Notations and Programming Languages

The first thing that one notices
about a programming language is its syntax. When we think of COBOL we see lots
of capital letters and verbs like "PERFORM". Lisp is associated with
lots of parentheses. I have my personal memories of Algol 60 with
its wonderful typography with boldface delimiters such as begin and
end
way before there was boldface on computers! We often hear about graphical programming
languages
also. These languages all came with various claims about their
applicability. For example, COBOL was designed for business applications and
Lisp for artificial intelligence. How is the syntax of the language connected
with its power or applicability? Intentional Software has some very specific
views on this.

Let’s look at equivalent forms in different languages. For
example, consider the conditional statements:

IF (A .LT. 10) …
if A < 10 then …
test a ls 10 ifso …
if (A < 10) …

It is clear that the syntactic differences are completely
superficial, and it is difficult to see why people would have battled so hard
for or against them. Indeed it is disappointing to consider that this list
represents more than 40 years of programming language evolution from Fortran
through C#.

By the way, the 3rd line is written in the
historically important but otherwise little known language BCPL from Bell Labs.
It was followed by the language B which in turn was replaced by Kernighan and
Richie’s C. The joke of the time was to guess whether the successor of C would
be called “D” or “P”? Check out this overview of the family tree of programming
languages.

Now, if we compare the Fortran IV statements:

    IF (A – 10) 2, 2, 1
1   …
    GO TO 3
2    …
3  CONTINUE

with Fortran 77:

IF (A .LT. 10)
   …
ELSE
   …

we see more than just a syntactic difference. The early so
called “arithmetic if” statement awkwardly aped the way hardware expressed the
comparison: whether the control should be transferred to label 1 when the
difference (a-10) was negative, or to label 2 if the difference was zero or
positive. In a later version of Fortran (as in all current languages) we see
the structured construct with the comparison operator and with an ELSE clause, which expresses the same intention
much more directly. In fact, if we were asked what the first segment “meant” we
would probably say something very close to the second, assuming we could
correctly follow all the details and paths.

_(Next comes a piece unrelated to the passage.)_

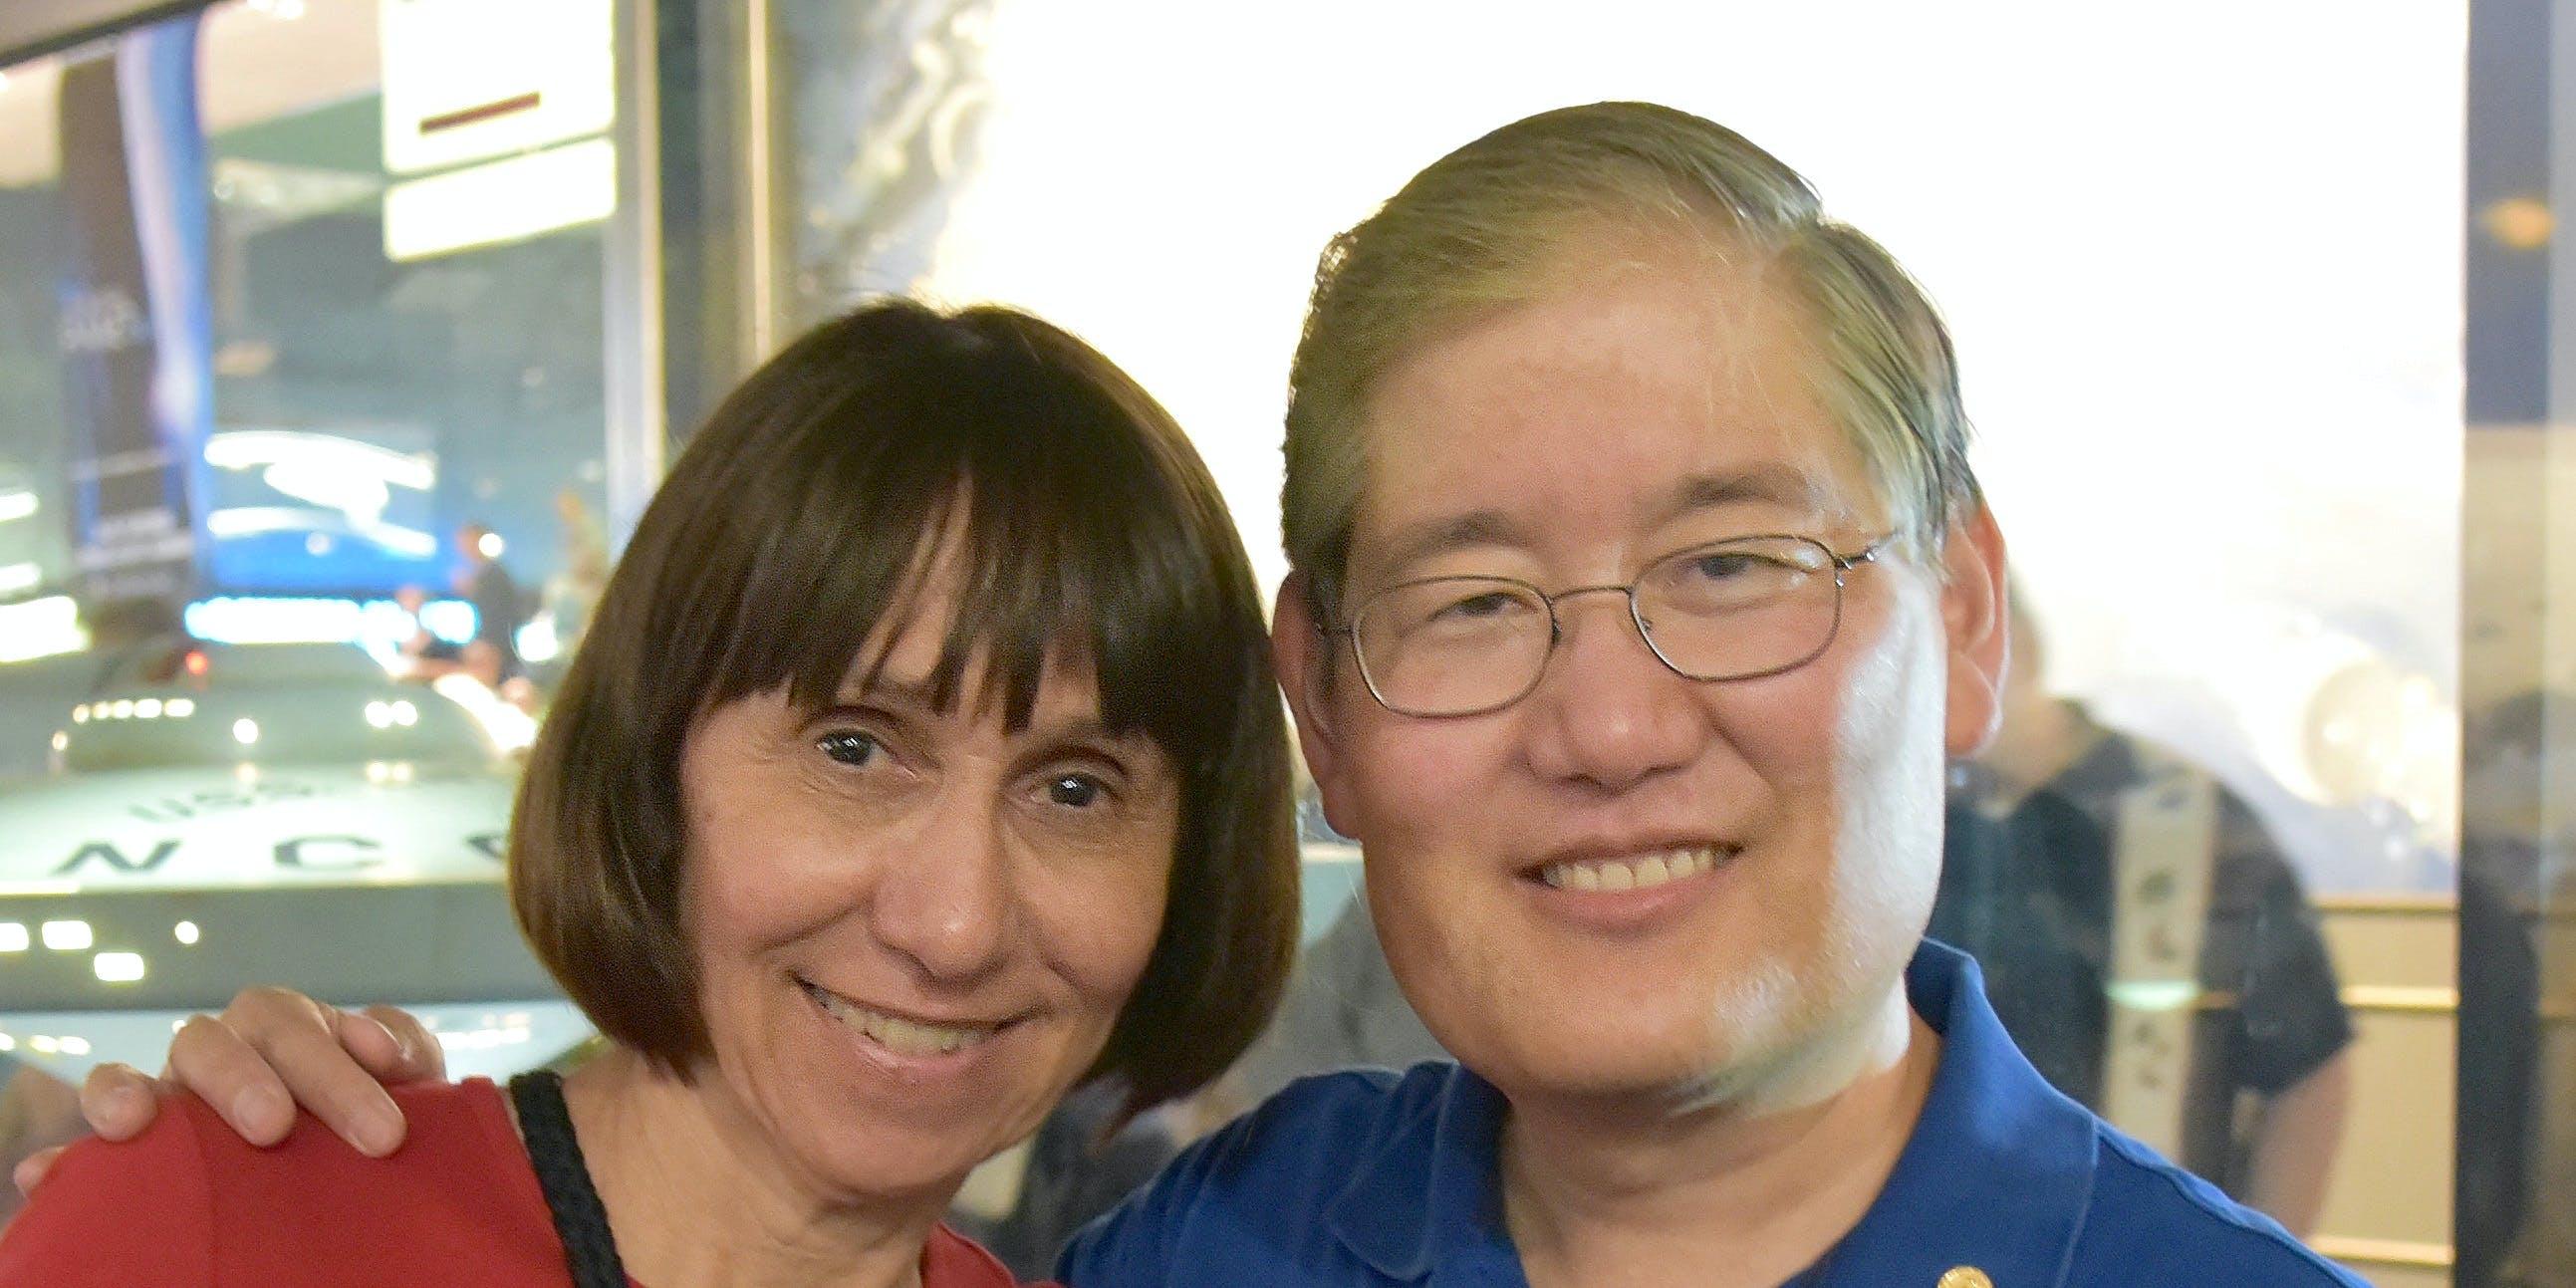 Denise and Michael Okuda

The structured form is much shorter, yet it contains the
same information. How is that possible? It is because the “arithmetic if” and
“goto” statements have more degrees of freedom (in other words, more parameters)
than we need; namely, the three label references after the IF and the one label
reference in the GOTO. These could
have easily represented a loop or maybe up to three different choices, whether
on purpose or, perhaps, by mistake. The earlier form is longer because it has
to represent the programmer’s intention in the larger parameter space. In
contrast, the structured form has fewer parameters – its “degrees of freedom”
property is more like the problem at hand, to wit, do something if a is less
than 10 and otherwise do something else. Therefore the structured form is
shorter. It cannot do a loop, nor can it do more than two things, which means
that many opportunities for mistakes are eliminated. There are other forms for
doing those things explicitly if that is intended.

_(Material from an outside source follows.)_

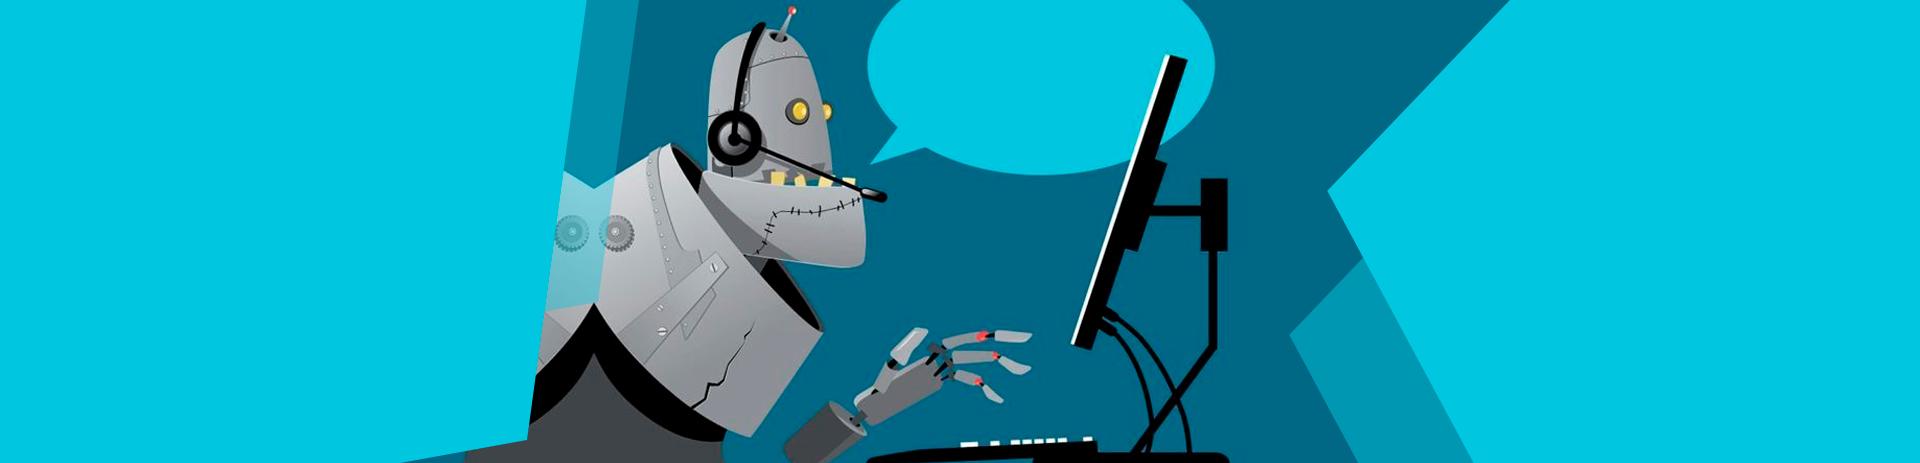 Преимущества автоматизированного подбора персонала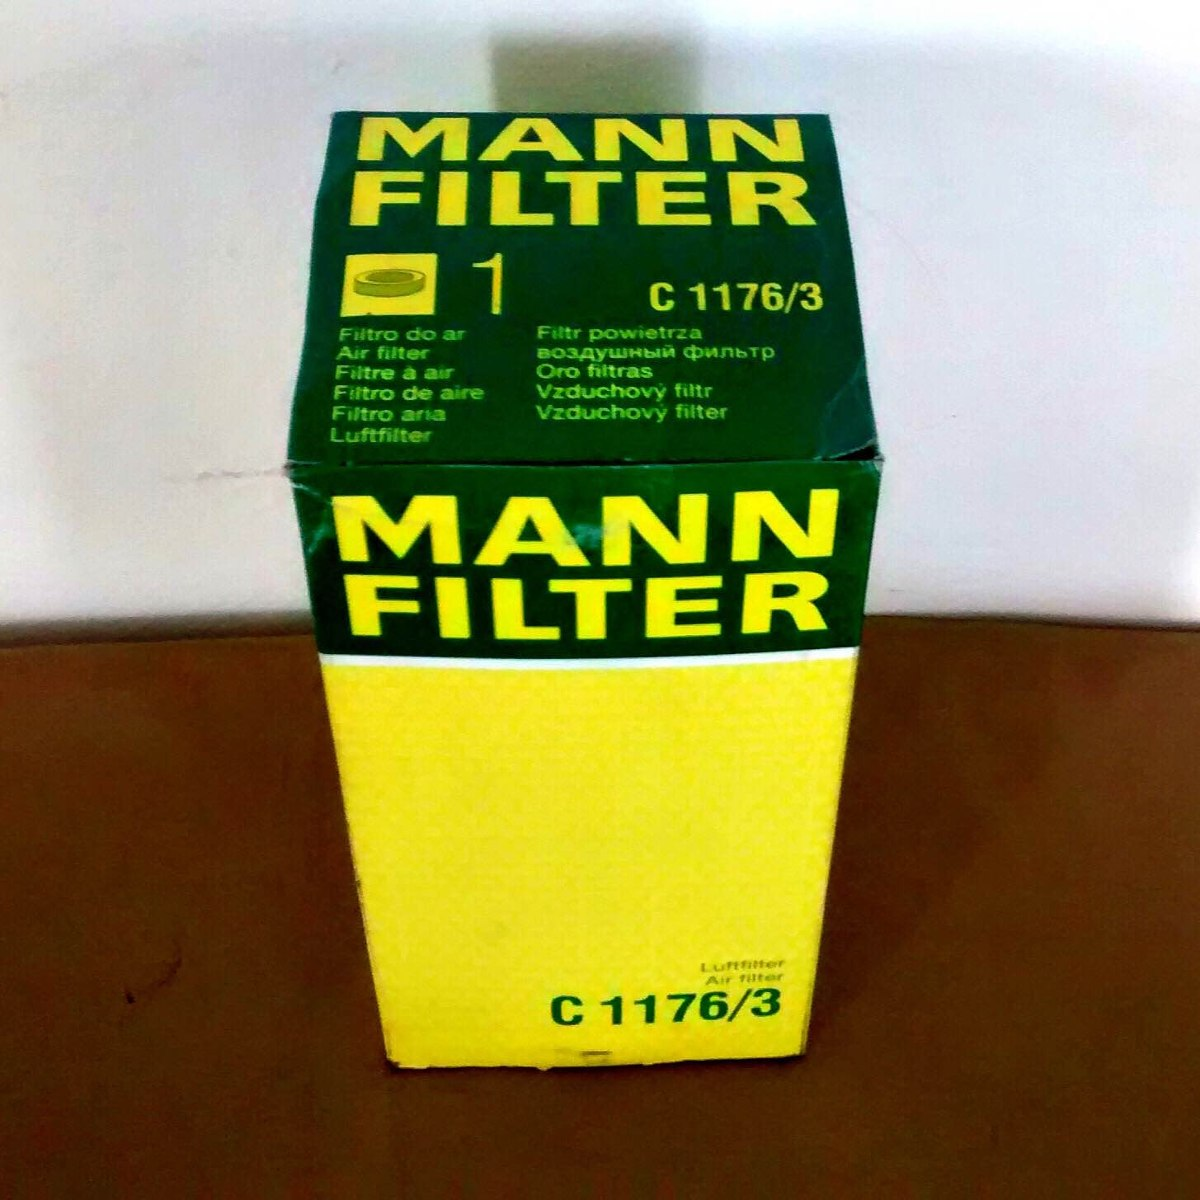 Mann Filter C11763 filtro de aire

We could say that the “arithmetic if” and the “goto”
statement in FORTRAN IV are less intentional, and that the structured “if” and
“else” in FORTRAN 77 are more intentional. We also note that intentionality has
to do with how the degrees of freedom in the problem compare with the degrees
of freedom in the notation. We know that we cannot express something with fewer
degrees of freedom than what is in the problem itself. But they can be equal:
that is the intentional optimum. As the degrees of freedom property in the
notation becomes greater than in the problem, we can call the notation less
intentional and more implementation-like. The difference can be very large in
the case of assembly code, or even machine code. In fact the number of bits
used to represent the assembly code for our “if” statement might even be sufficient
also to represent a recognizable icon of President Lincoln (756 bits)!
Clearly we would be using more bits than the problem dictates.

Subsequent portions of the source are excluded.